Только тогда, когда негостеприимная степь уже приняла нас в свои
суровые объятия, то есть по прибытии на место, я мог хотя отчасти
уразуметь, что хотел выразить мой высокопоставленный амфитрион, говоря о
своих прерогативах.
Покуда мы еще не въехали в пределы того края, в котором помпадурствовал
князь де ля Клюква, поведение его было довольно умеренно. Он бил ямщиков с
снисходительностью, о которой я могу отозваться лишь с величайшею похвалою
(я не говорю уже о поведении его за границей, где он был весь - утонченная
вежливость). Но едва он завидел пограничный столб, указывавший начало его
владений, как тотчас же вынул из ножен свою саблю, перекрестился и,
обращаясь к ямщику, испустил крик, имевший зловещее значение. Мы понеслись
стрелою, и как сумасшедшие скакали все пятнадцать верст, остававшиеся до
станции. Но ему казалось, что его все еще недостаточно скоро везут, потому
что он через каждые пять минут поощрял ямщика полновесными ударами сабли.
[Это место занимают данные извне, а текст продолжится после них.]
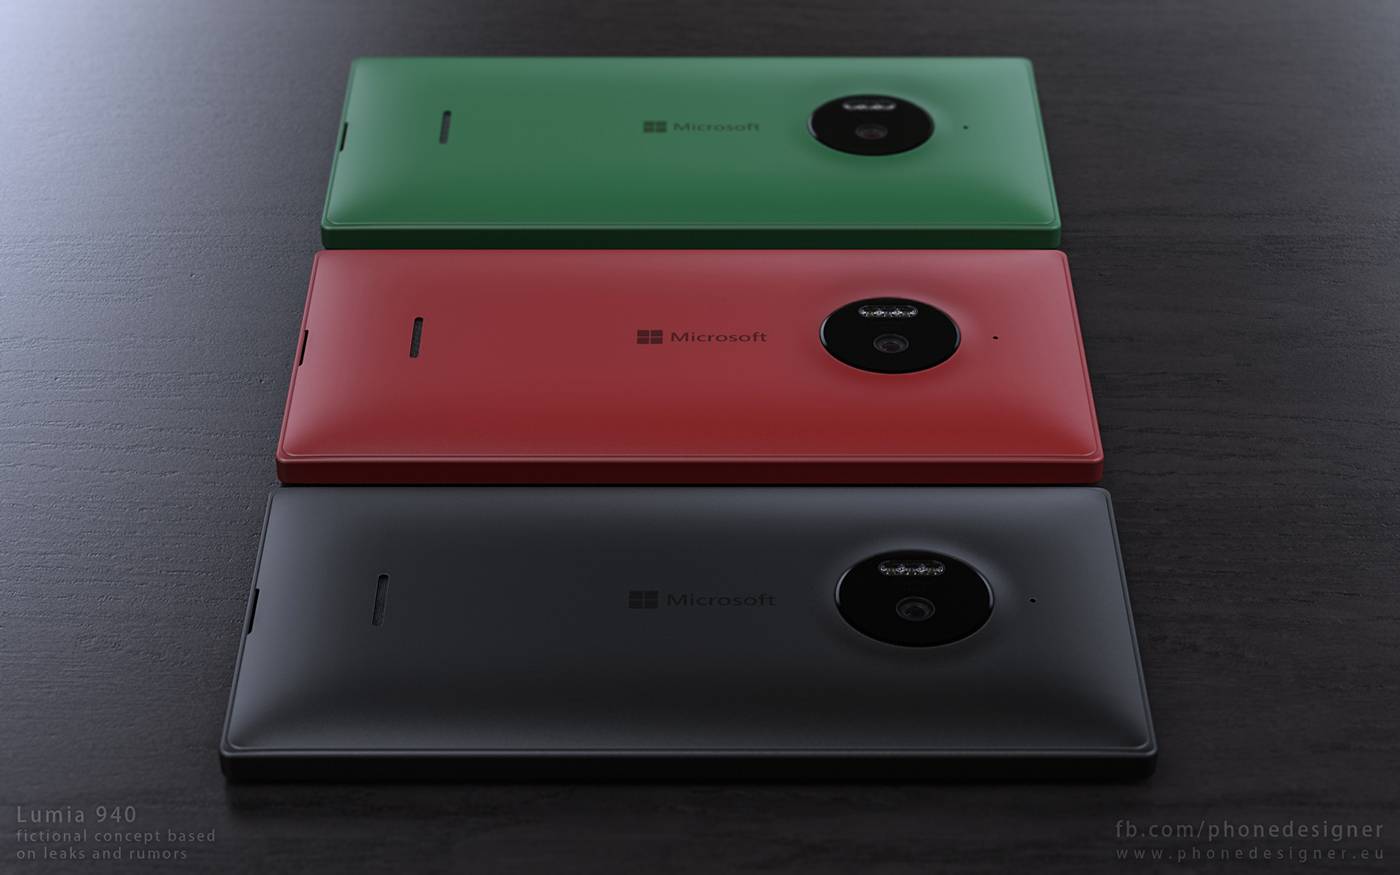 Lumia 940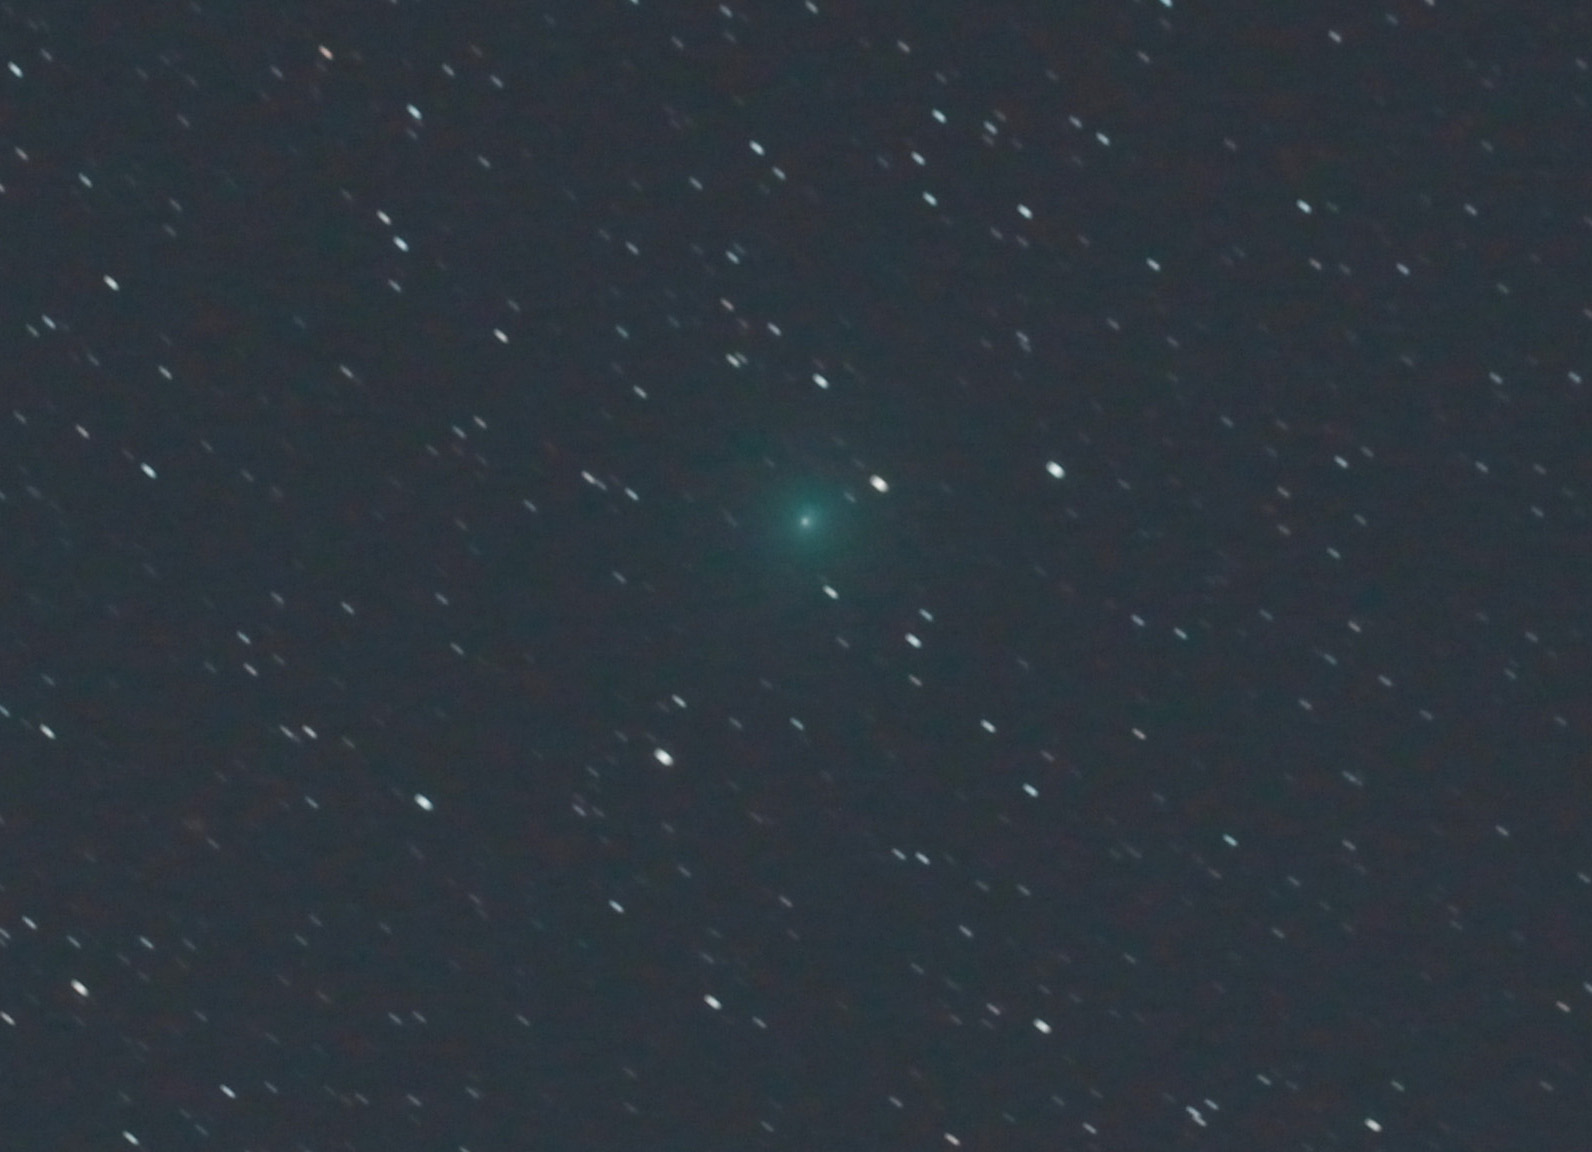 C2020 M3 comet align.jpg

Я никогда не видал человека до такой степени рассерженного, хотя причины
его гнева не понимал. Признаться, я сильно боялся, чтоб во время этой
бешеной скачки у нашего экипажа не переломилась ось, ибо мы несомненно
погибли бы, если бы это случилось. Но уговорить его не торопить ямщика
было невозможно, потому что безумная езда по дорогам есть одна из
прерогатив, за которую помпадуры особенно страстно держатся.
- Я научу их, как ездить... каналий! - твердил он, обращаясь ко мне и
как бы наслаждаясь страхом, который должна была выражать моя физиономия.
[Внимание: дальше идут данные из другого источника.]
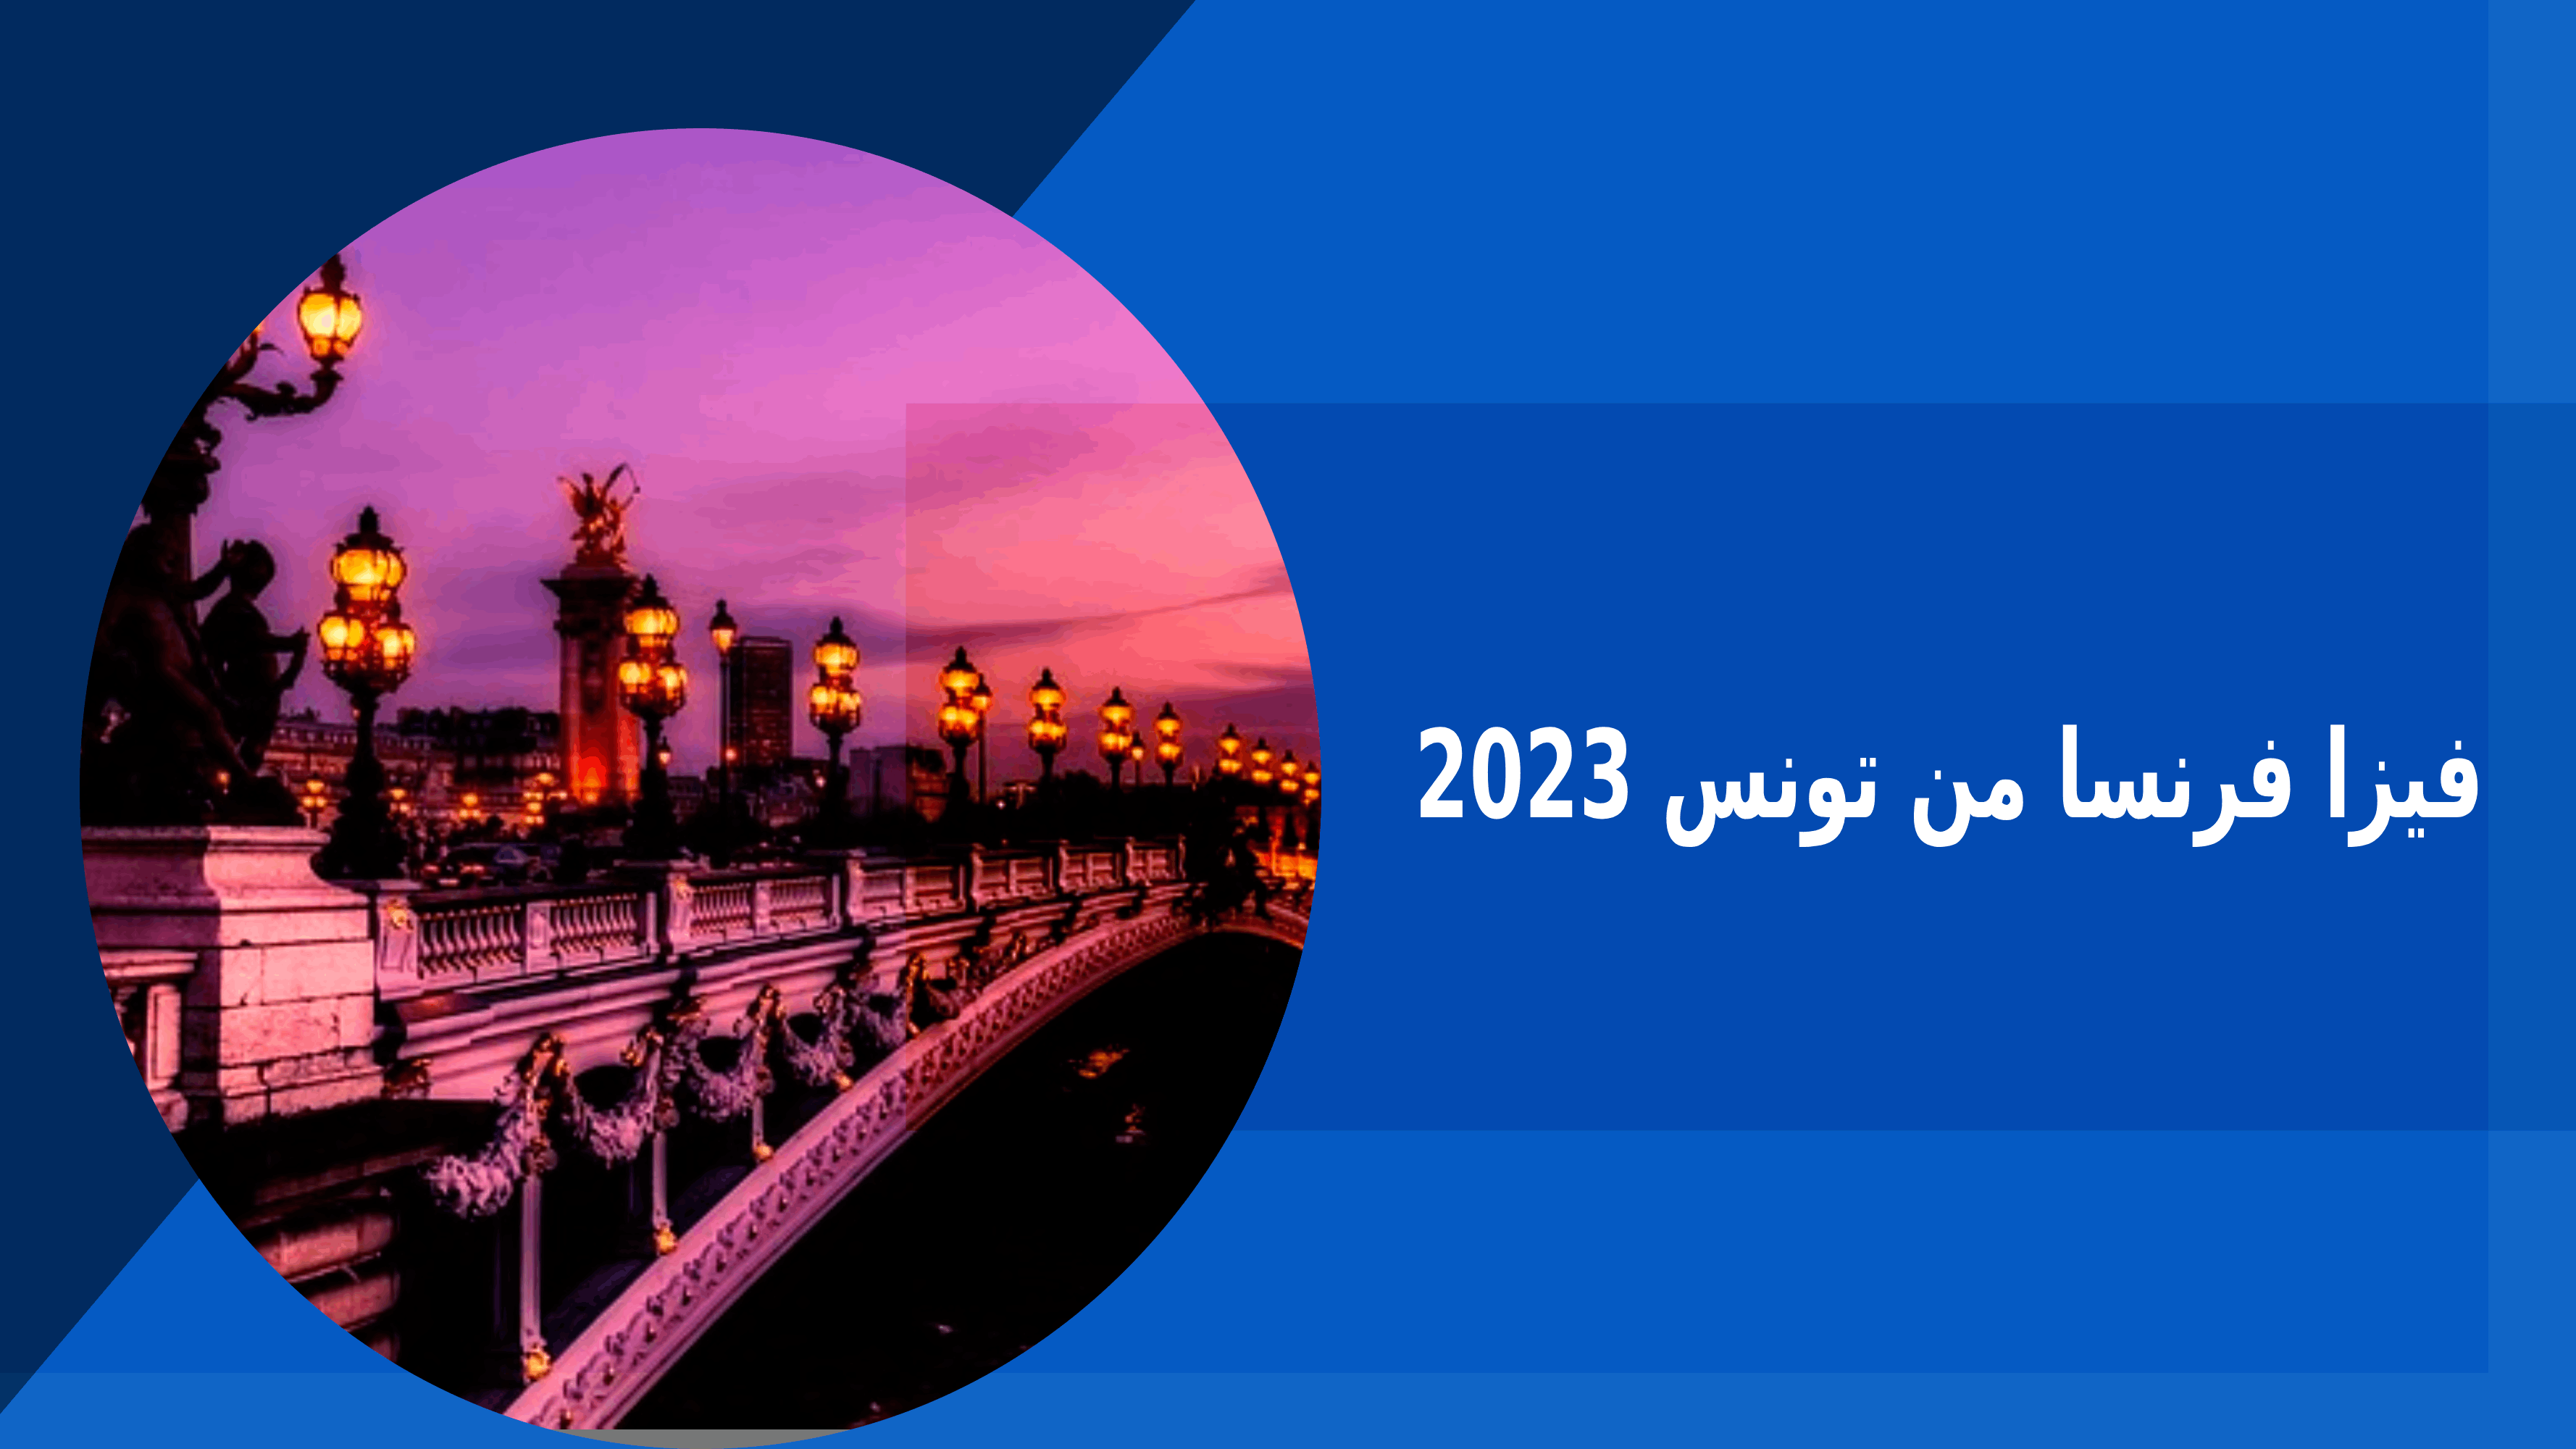 فيزا فرنسا من تونس 2023 – فكرة بوك

И действительно, мы проехали несколько более двухсот верст в течение
двенадцати часов, и, несмотря на эту неслыханную быстроту, он приказывал
на станциях сечь ямщиков, говоря мне:
- C'est notre maniere de leur donner le pourboire! [Это наш способ
давать им на чай!]
Приехавши в главный город края, мы остановились в большом казенном
доме, в котором мы буквально терялись как в пустыне (князь не имел
семейства). Было раннее утро, и мне смертельно хотелось спать, но он
непременно желал, чтобы немедленно произошло официальное представление, и
потому разослал во все концы гонцов с известием о своем прибытии. Через
два часа залы дома уже были наполнены трепещущими чиновниками.
Хотя и в нашей прекрасной Франции прерогативы играют немаловажную роль,
но, клянусь, я никогда не мог себе представить что-либо подобное тому, что
я увидел здесь. У нас слово "негодяй" (vaurien, polisson... и, к
несчастью, chenapan) есть высшая степень порицания, которую может
заслужить провинившийся подчиненный от рассерженного начальника; здесь же,
независимо от обильно расточаемых личных оскорблений, принято еще за
правило приобщать к ним родственников оскорбляемого в восходящей степени
(*166). Князь был красен, как рак, и перебегал от одного подчиненного к
другому, источая целые потоки дурной брани. В особенности же доставалось
от него одному хромому майору, которого он иронически рекомендовал мне:
вот мой Мопа. Я думал, не замышлял ли этот несчастный человек похитить, в
отсутствие князя, его власть (что, конечно, оправдывало бы его гнев), но
оказалось, что ничего подобного не бывало. Я и до сих пор не могу
объяснить себе, что мотивировало те прискорбные сцены, которых я был
свидетелем в это памятное для меня утро. Хотя же князь и объяснил их
желанием оградить свои прерогативы, но и эта причина казалась
недостаточною, ибо никто, по-видимому, на эти прерогативы не посягал.
Словом сказать, официальное представление кончилось к полнейшему торжеству
моего высокопоставленного амфитриона, который ходил по комнатам, выгнув
шею, как конь, и гордо празднуя без труда одержанную победу.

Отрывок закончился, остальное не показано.